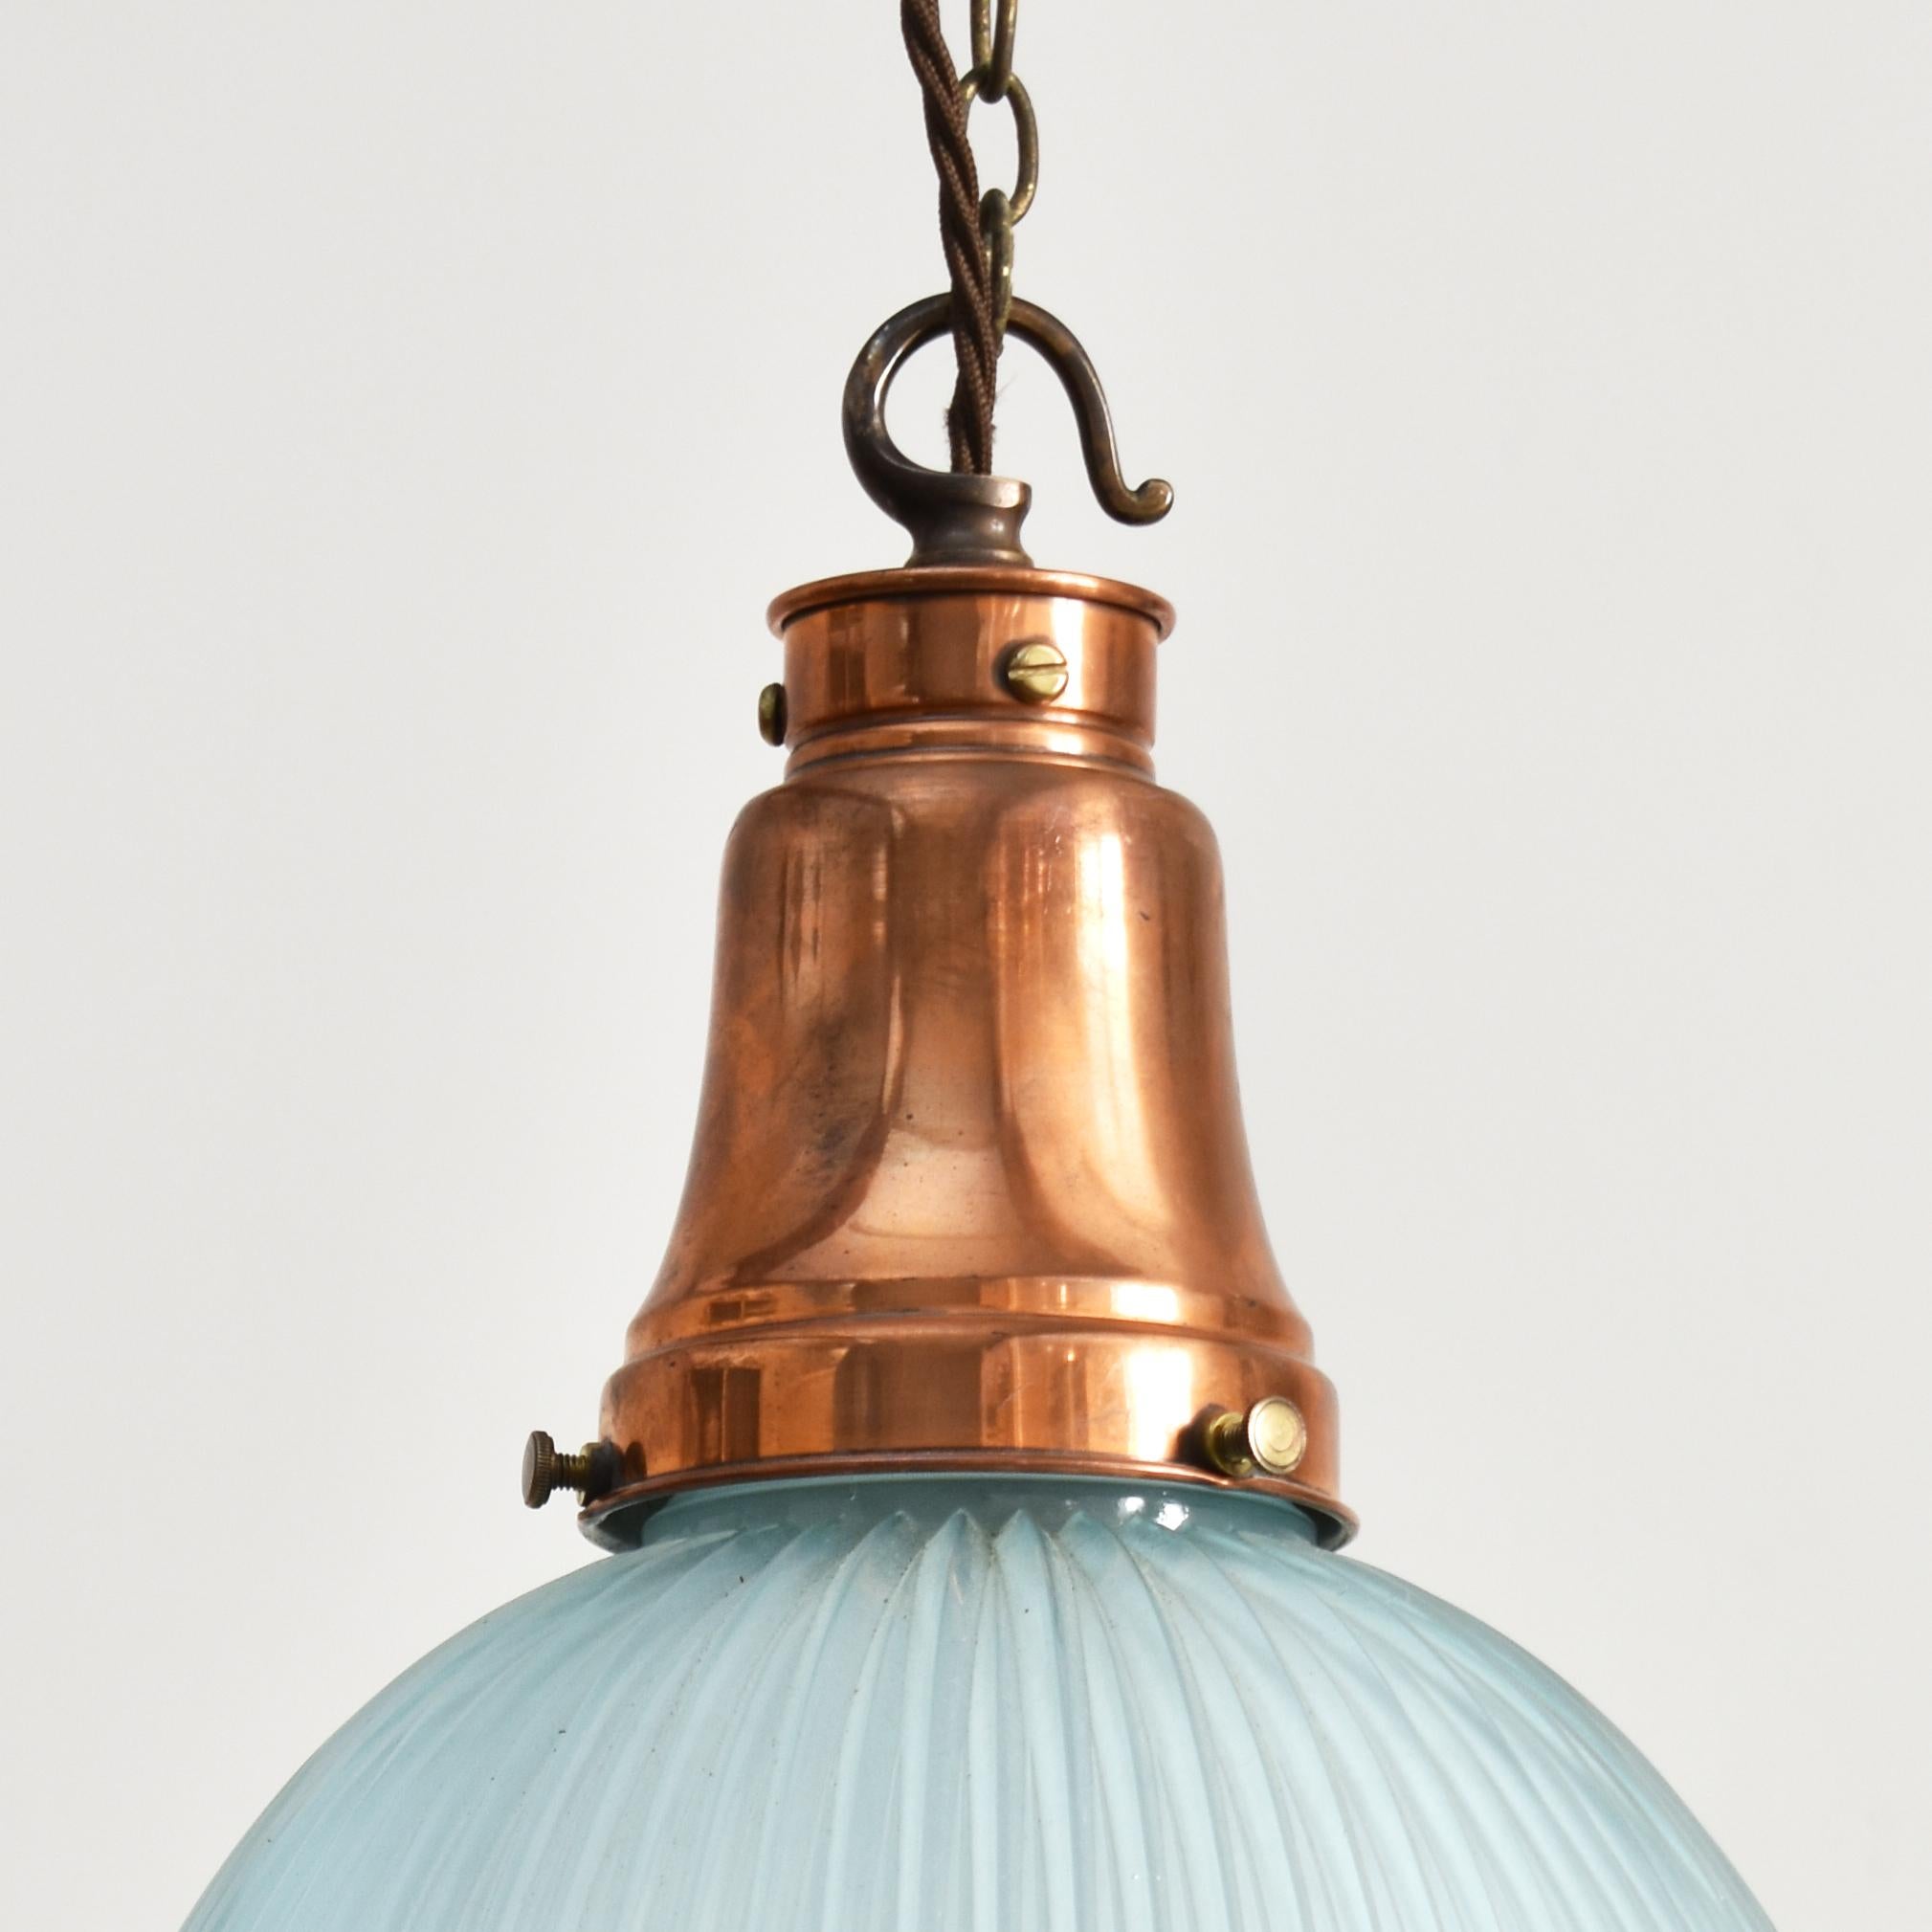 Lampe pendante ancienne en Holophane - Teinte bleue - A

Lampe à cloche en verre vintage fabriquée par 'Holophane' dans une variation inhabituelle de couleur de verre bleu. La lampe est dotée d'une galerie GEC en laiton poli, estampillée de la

────────

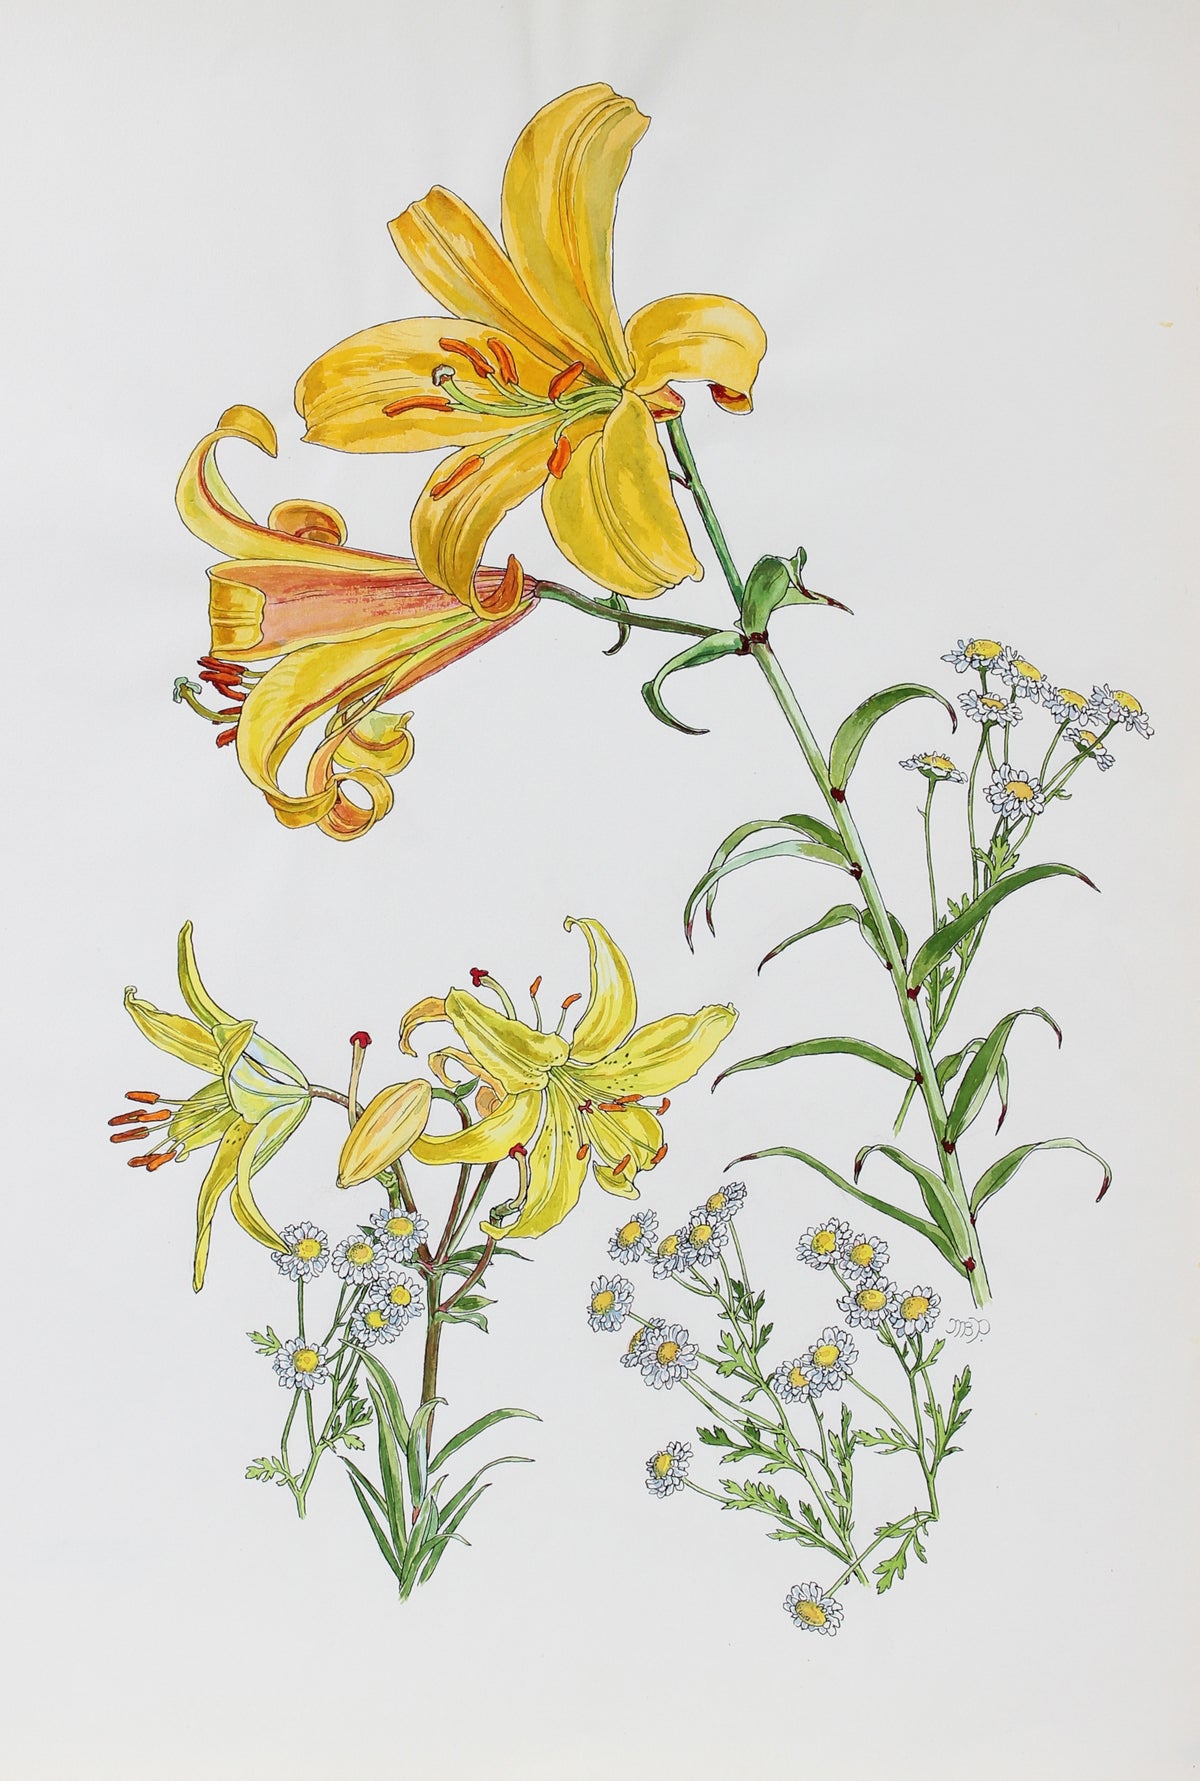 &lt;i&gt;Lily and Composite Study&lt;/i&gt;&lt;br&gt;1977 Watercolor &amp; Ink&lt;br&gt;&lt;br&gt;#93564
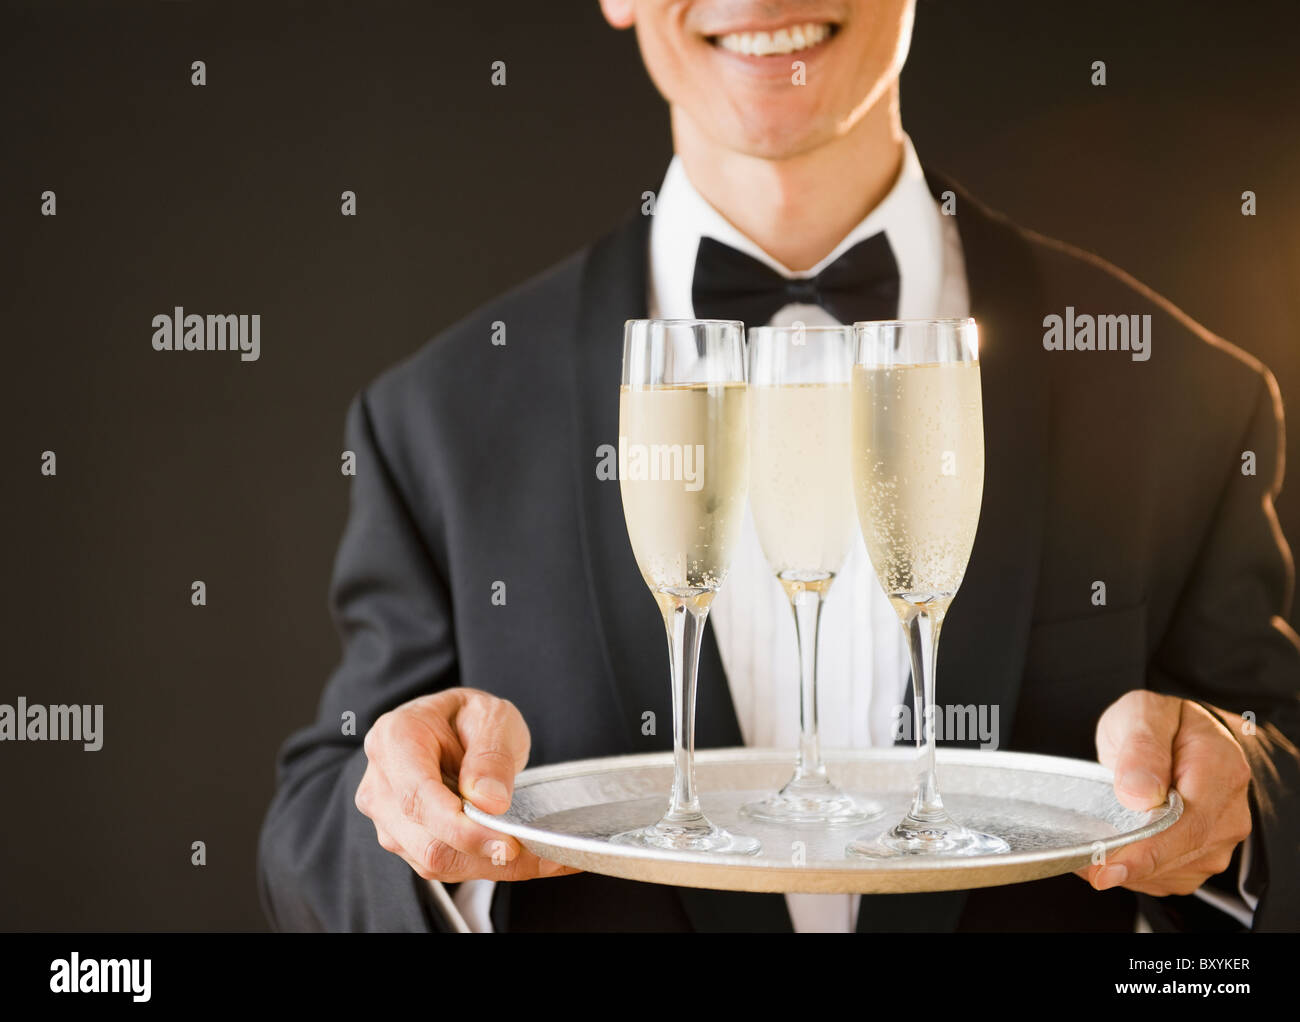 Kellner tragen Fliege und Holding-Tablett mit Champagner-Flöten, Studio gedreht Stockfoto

────────

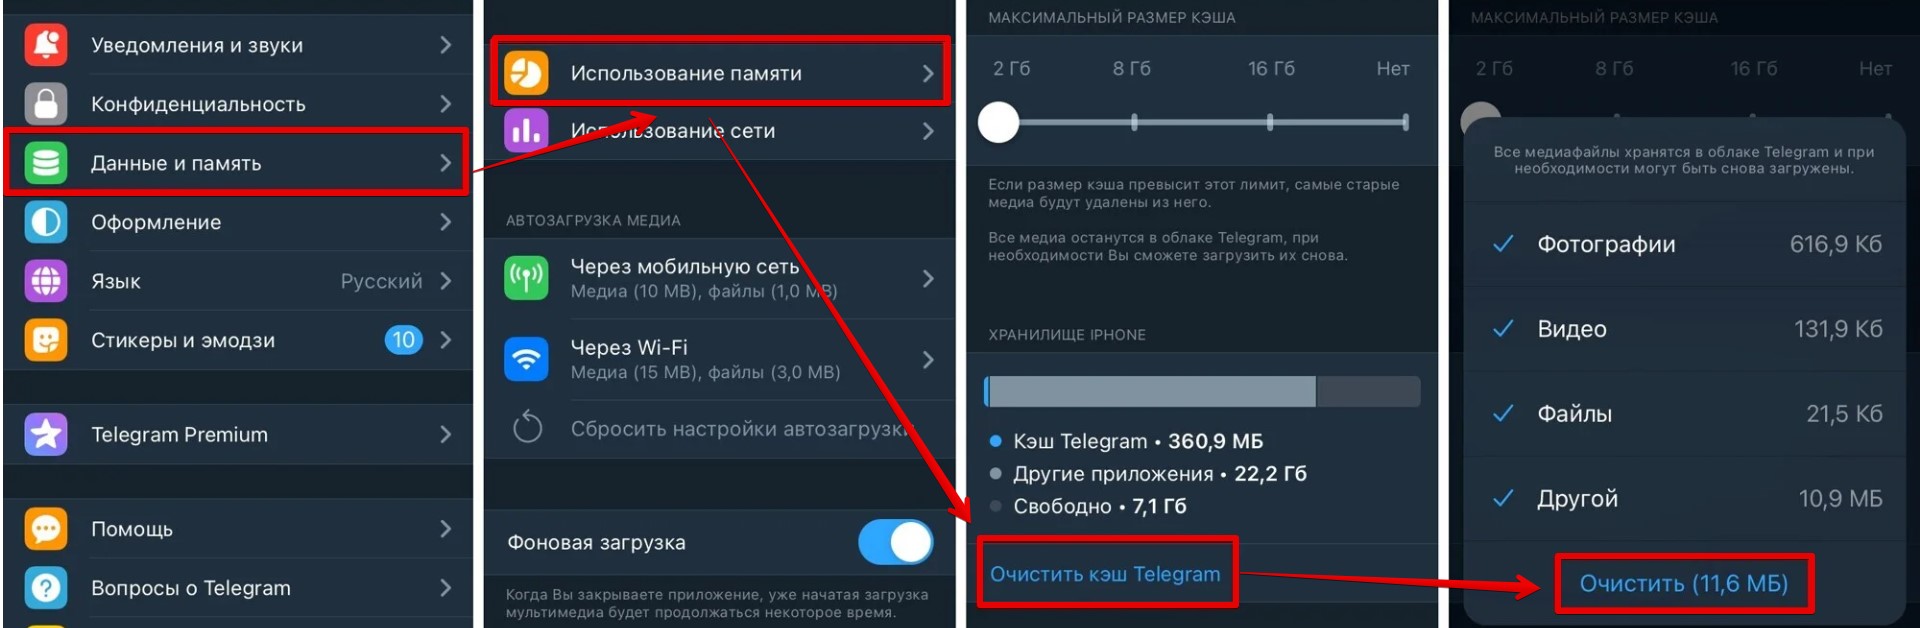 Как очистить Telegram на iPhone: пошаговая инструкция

────────

__WORK INSTRUCTION__
Would you set down only the lines above from the line with "Lampe pendante ancienne" to the line with "Lampe à cloche", both included, exactly as they stand and without the pictures?

__TASK RESPONSE__
 Lampe pendante ancienne en Holophane - Teinte bleue - A

Lampe à cloche en verre vintage fabriquée par 'Holophane' dans une variation inhabituelle de couleur de verre bleu. La lampe est dotée d'une galerie GEC en laiton poli, estampillée de la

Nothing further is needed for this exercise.